What you have to do: Your task is to output the listing exactly, leaving every image out.

Data excerpt:

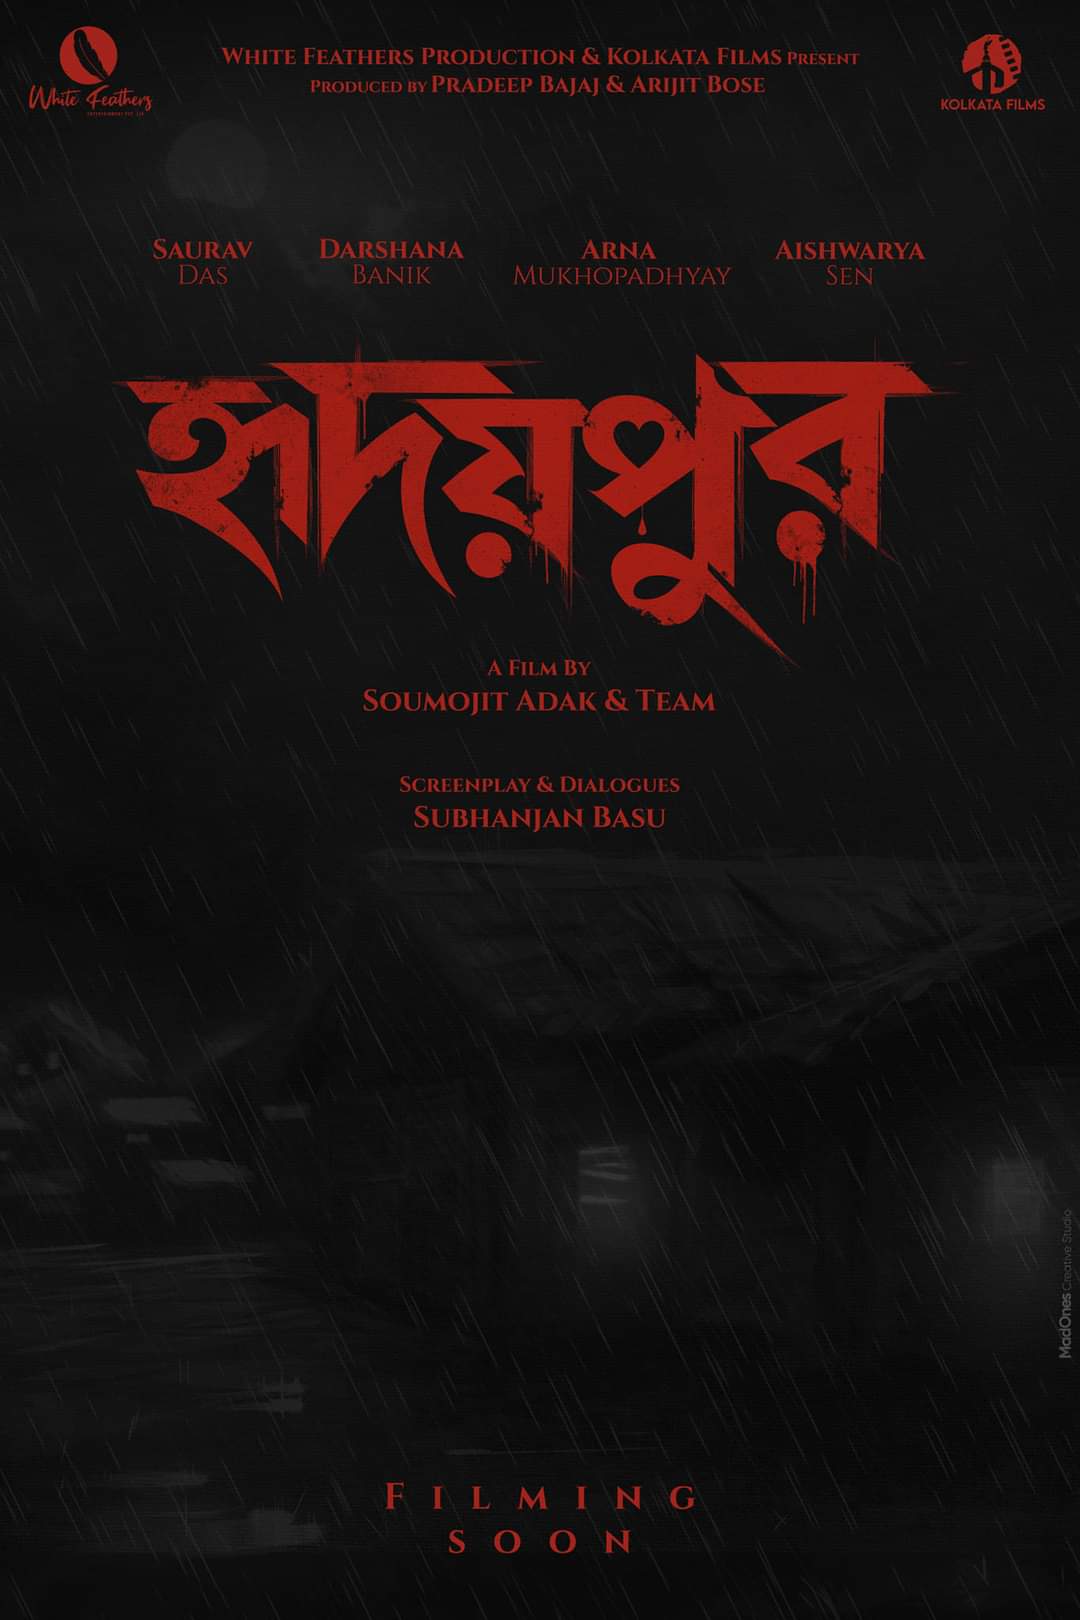 Saurav Das Darshana Banik to be seen in new Bengali film Hridaypur
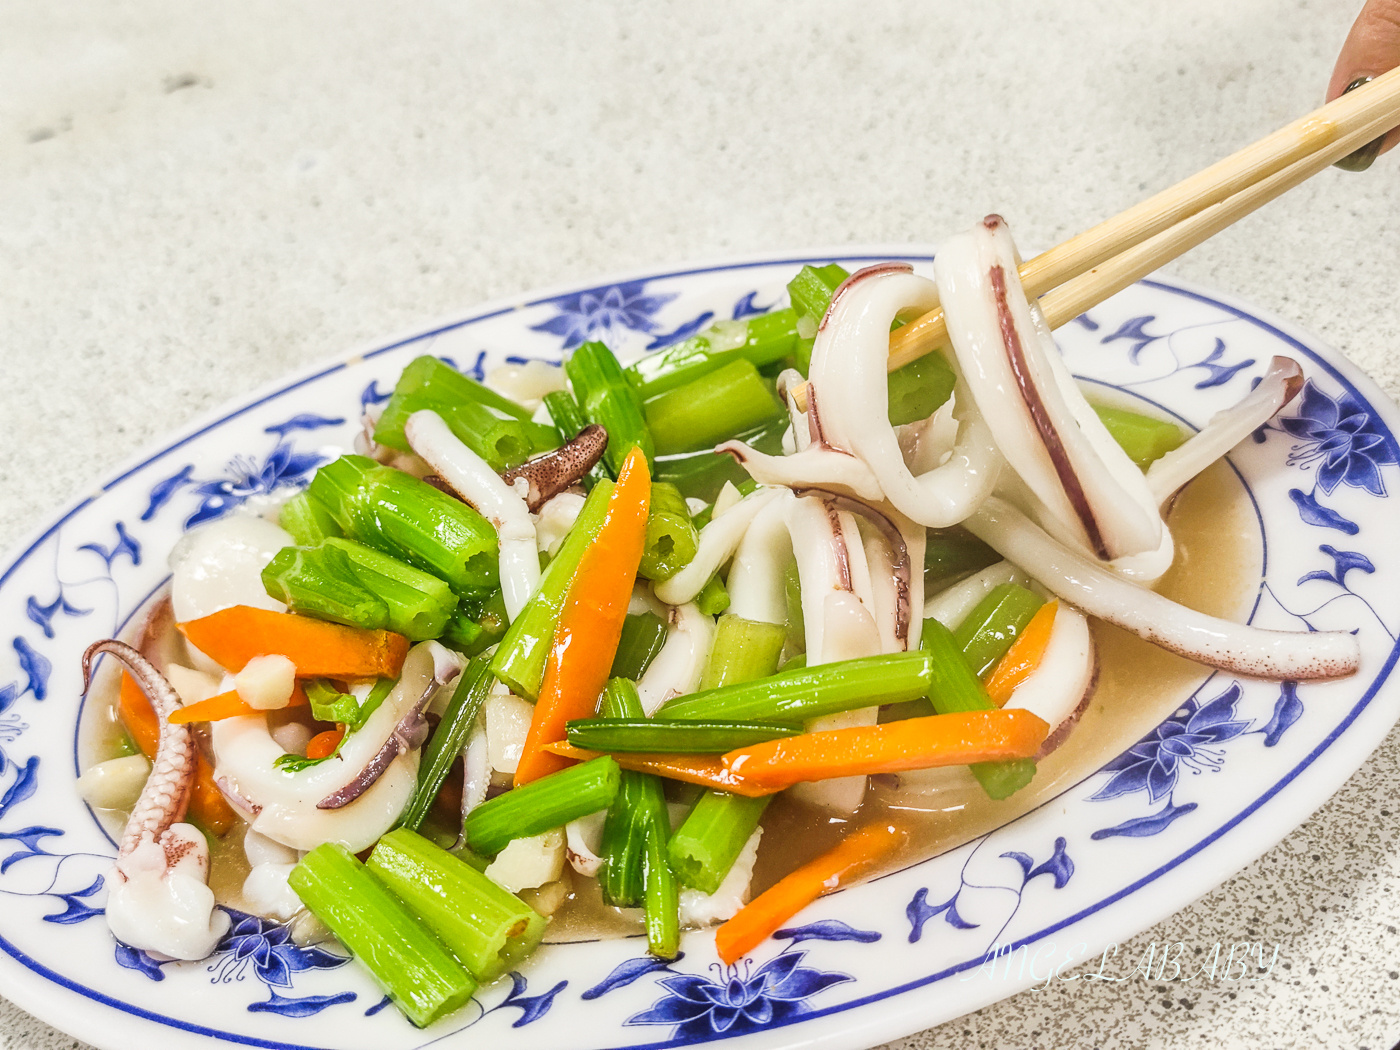 新竹最好吃的鵝肉『品味鵝肉海鮮快炒』價格菜單 @梅格(Angelababy)享樂日記
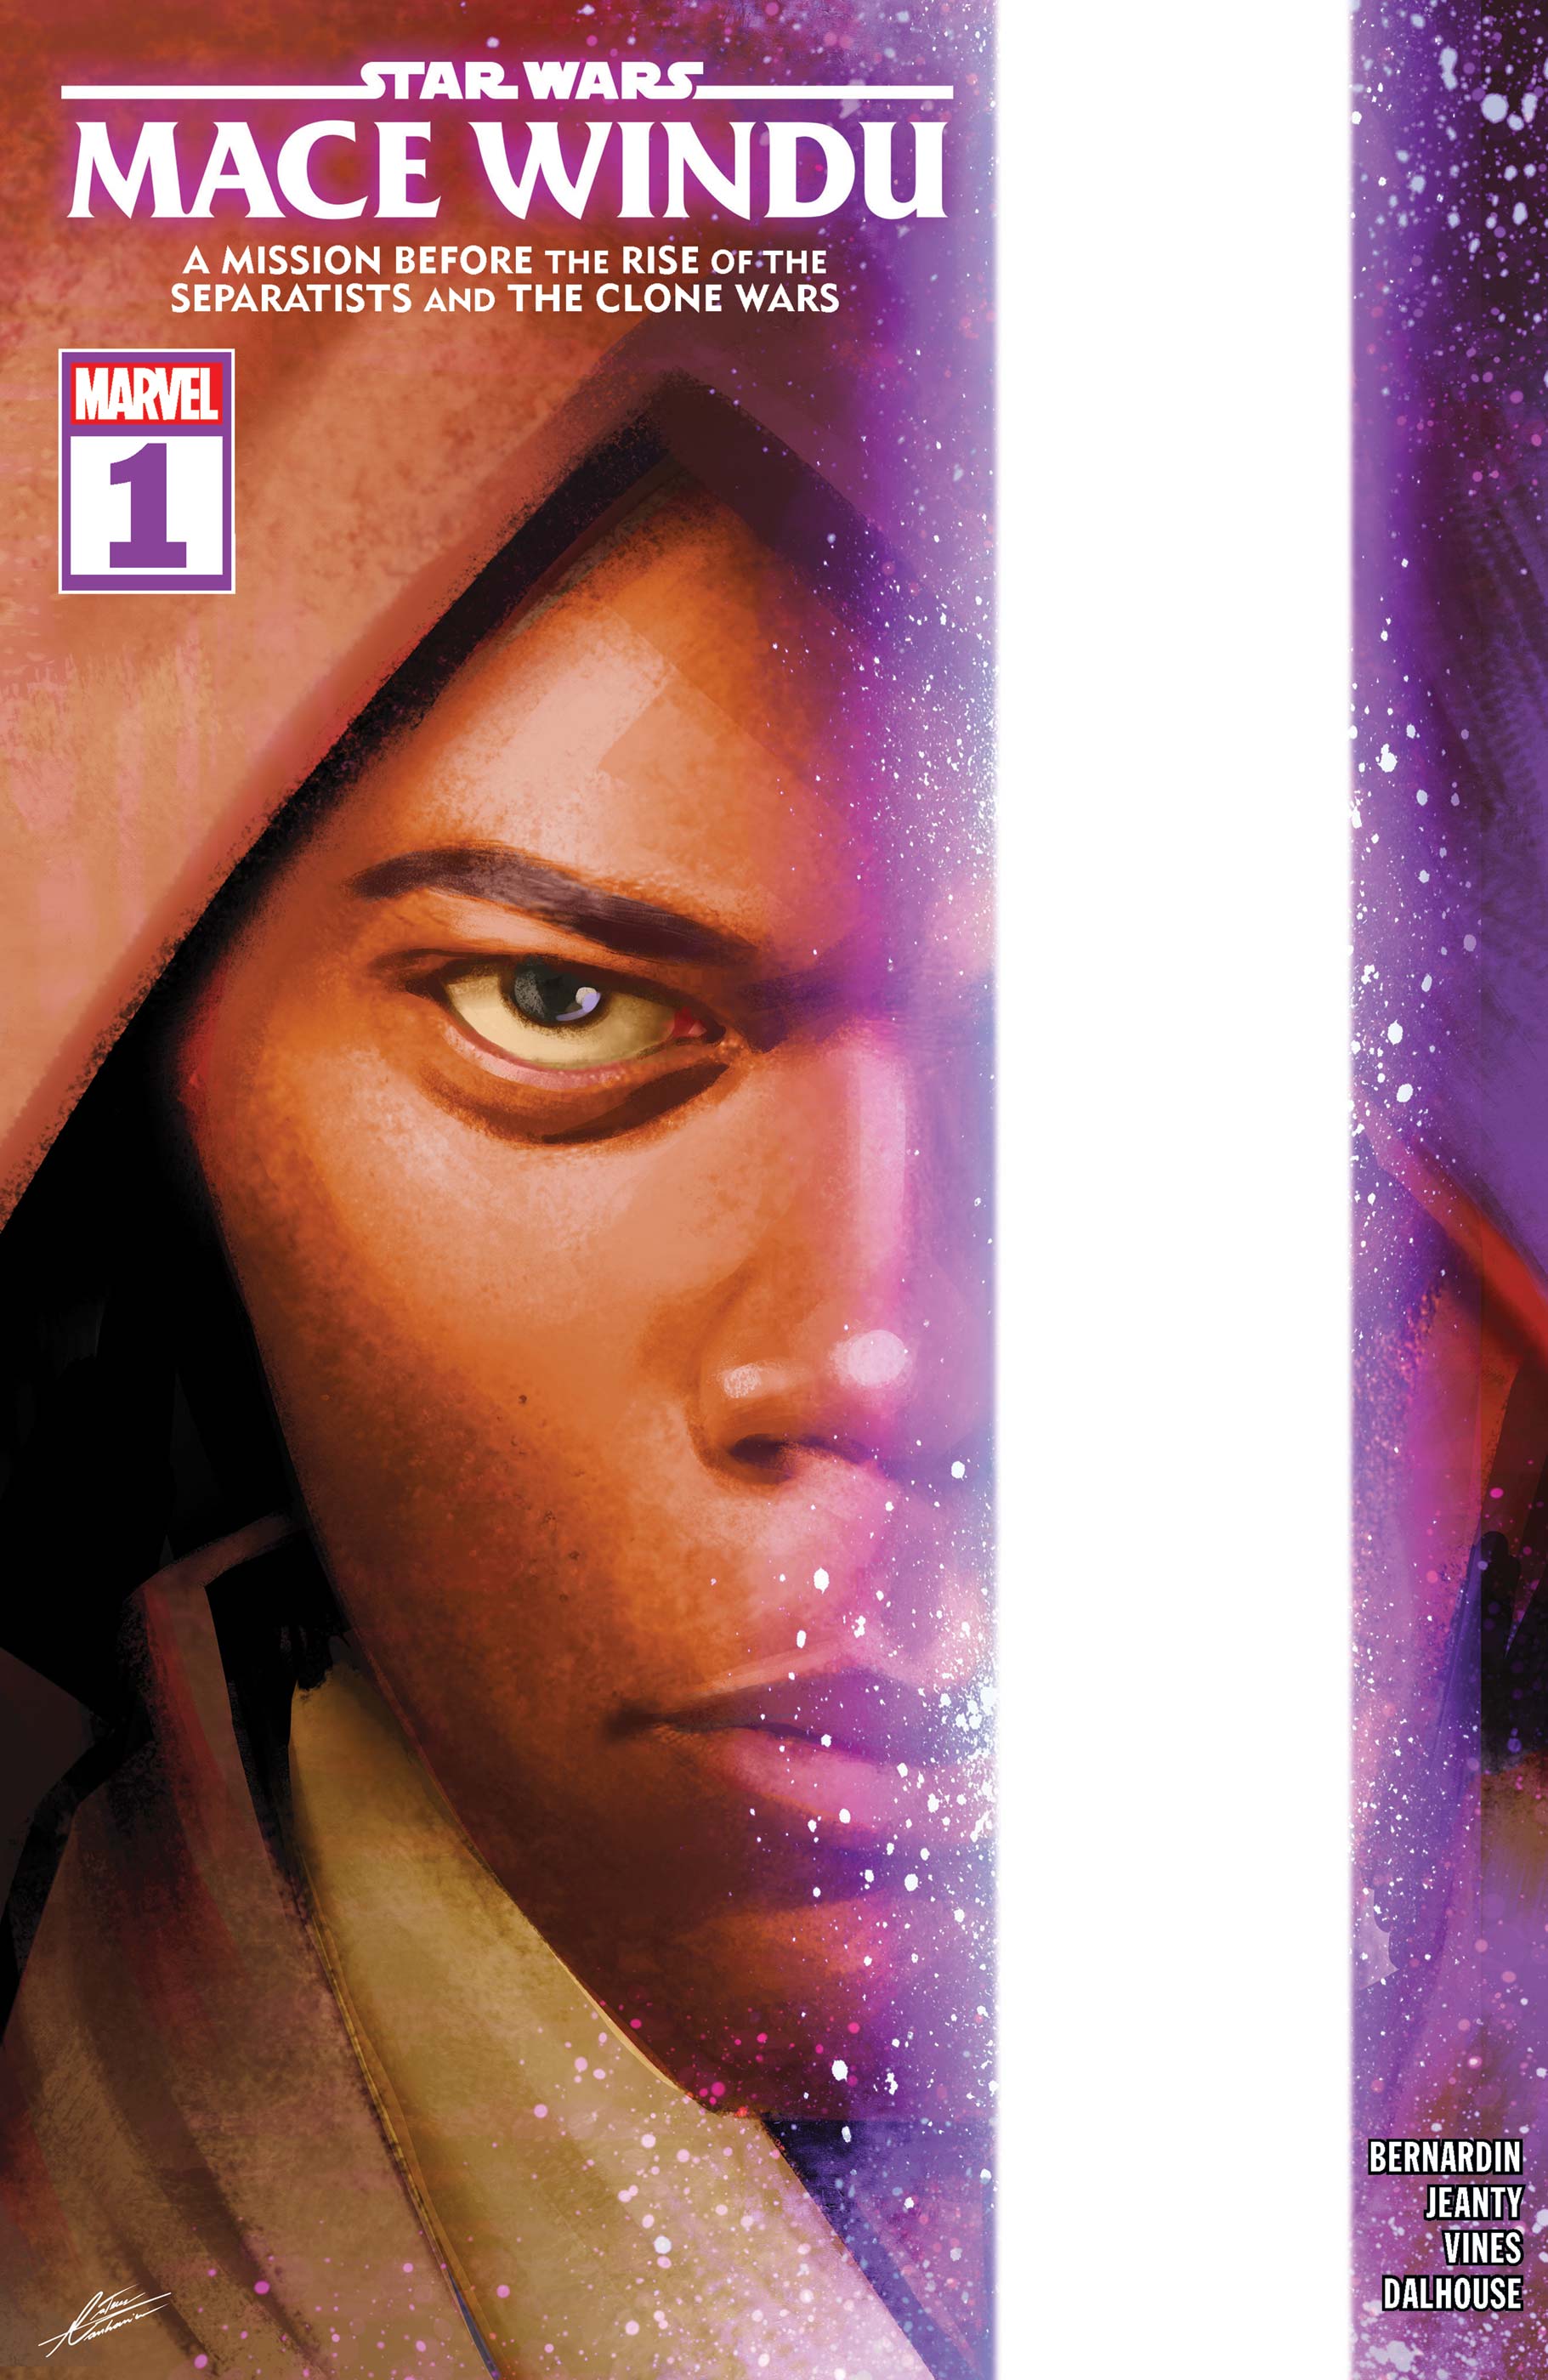 Star Wars: Mace Windu (2024) #1
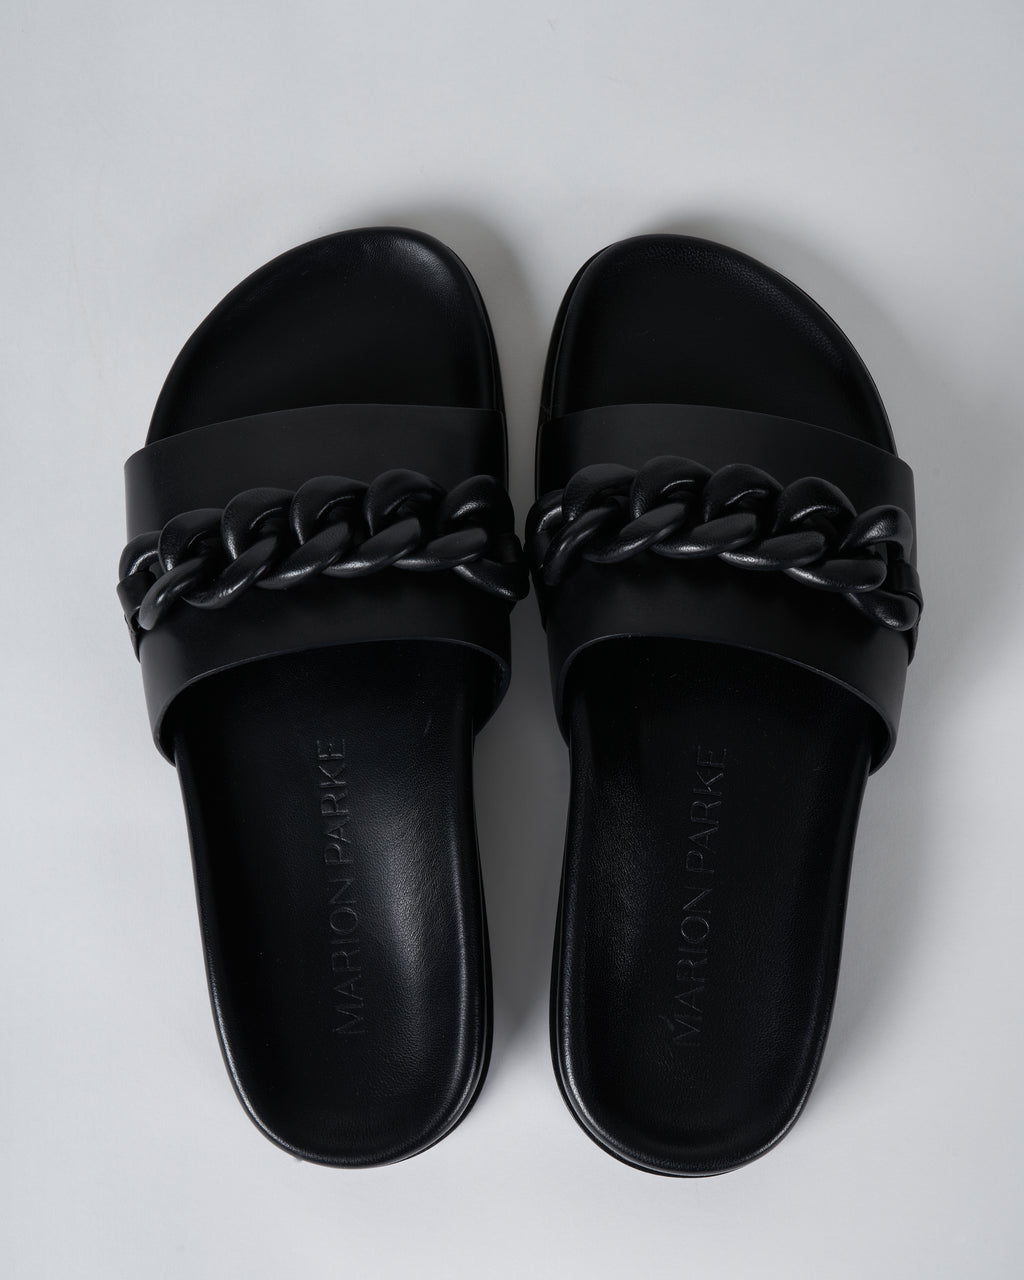 Marion Parke Christine Sandal Black Leather – scarpa

The answer:
 Saurav Das Darshana Banik to be seen in new Bengali film Hridaypur
 新竹最好吃的鵝肉『品味鵝肉海鮮快炒』價格菜單 @梅格(Angelababy)享樂日記
 Star Wars: Mace Windu (2024) #1
 Marion Parke Christine Sandal Black Leather – scarpa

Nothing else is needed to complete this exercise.